Here is why. In order to make the picture of your uncle merge with the rest of the photo in a natural way, he has to get a shot of your uncle that happens to be the same perspective and lighting conditions that are currently present. The warm glow and twinkle in everyone's eyes reflected from the candles on the tables of the beachside banquet aren't in the booking photo that your uncle sent from prison. In fact, the skin tones will be off, because your romantic sunset wedding casts a softer light than the harsh green fluorescent bulbs in the interrogation room that reveal the pits and scars on your uncle's face.
So, IF the photographer decides to add your meth addict uncle into a group shot, he is going to have to do a lot of work to make it look natural. It can be done.
Now, consider another point. When your photographer takes those pictures, he will have metered the light, and done everything so that he captured the photo right the first time. In other words, he isn't going to do any post-processing. At least, he isn't if he is worth the money. Every image that can go directly from the camera to the printer will only cost the price of the media plus a percentage of the equipment costs and hourly wage that it took to capture the image. As soon as you have decided to add Uncle EarlJoeBobJim, you have added in labor for post-processing. So, if you figure out how much per hour it cost to have the photographer on site, you can now add an hour or two worth of labor for each image that you want your precious uncle in the picture.

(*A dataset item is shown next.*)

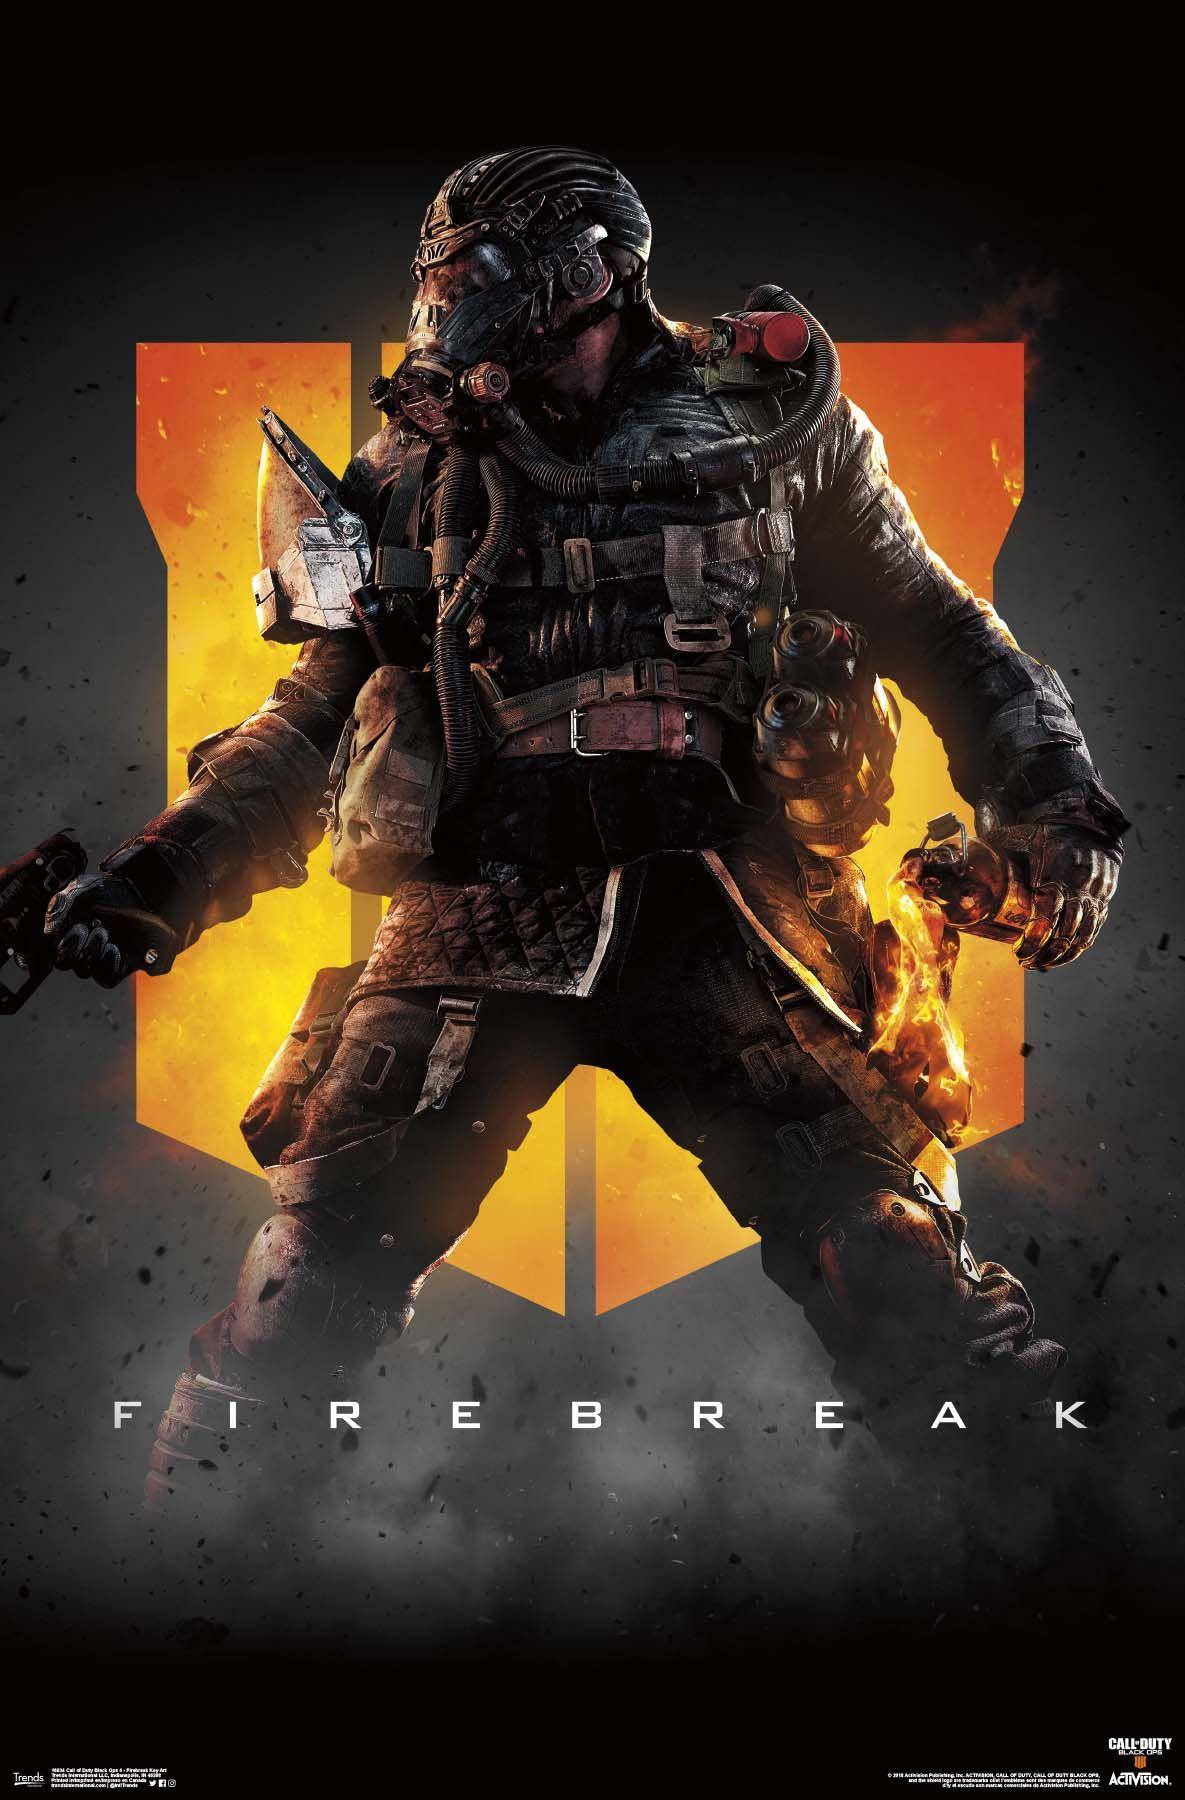 Call Of Duty Black Ops 4 Firebreak Key Art Poster And Poster Clip Bundle Walmart Com Call Of Duty Poster Prints Call Of Duty Black

So, say you get the photographer to agree, and you go through the pain of locating a suitable image of your uncle, and the photographer does the color-correction and photoshop work that makes it look like your uncle really was standing second row so that he could shove his hard cock into your niece’s back like usual. Say he does a fantastic job, and everyone he shows can't pick out the person in the picture that wasn't in the original shot.
You still won't like it.
Why?
Because he wasn't fucking there!
You know he wasn't there. You know it, and your memory will keep revealing the lie. You won't be happy with the picture, and you will be disappointed in the photographer. So, save yourself the trouble and remember, "Photos don't replace memories."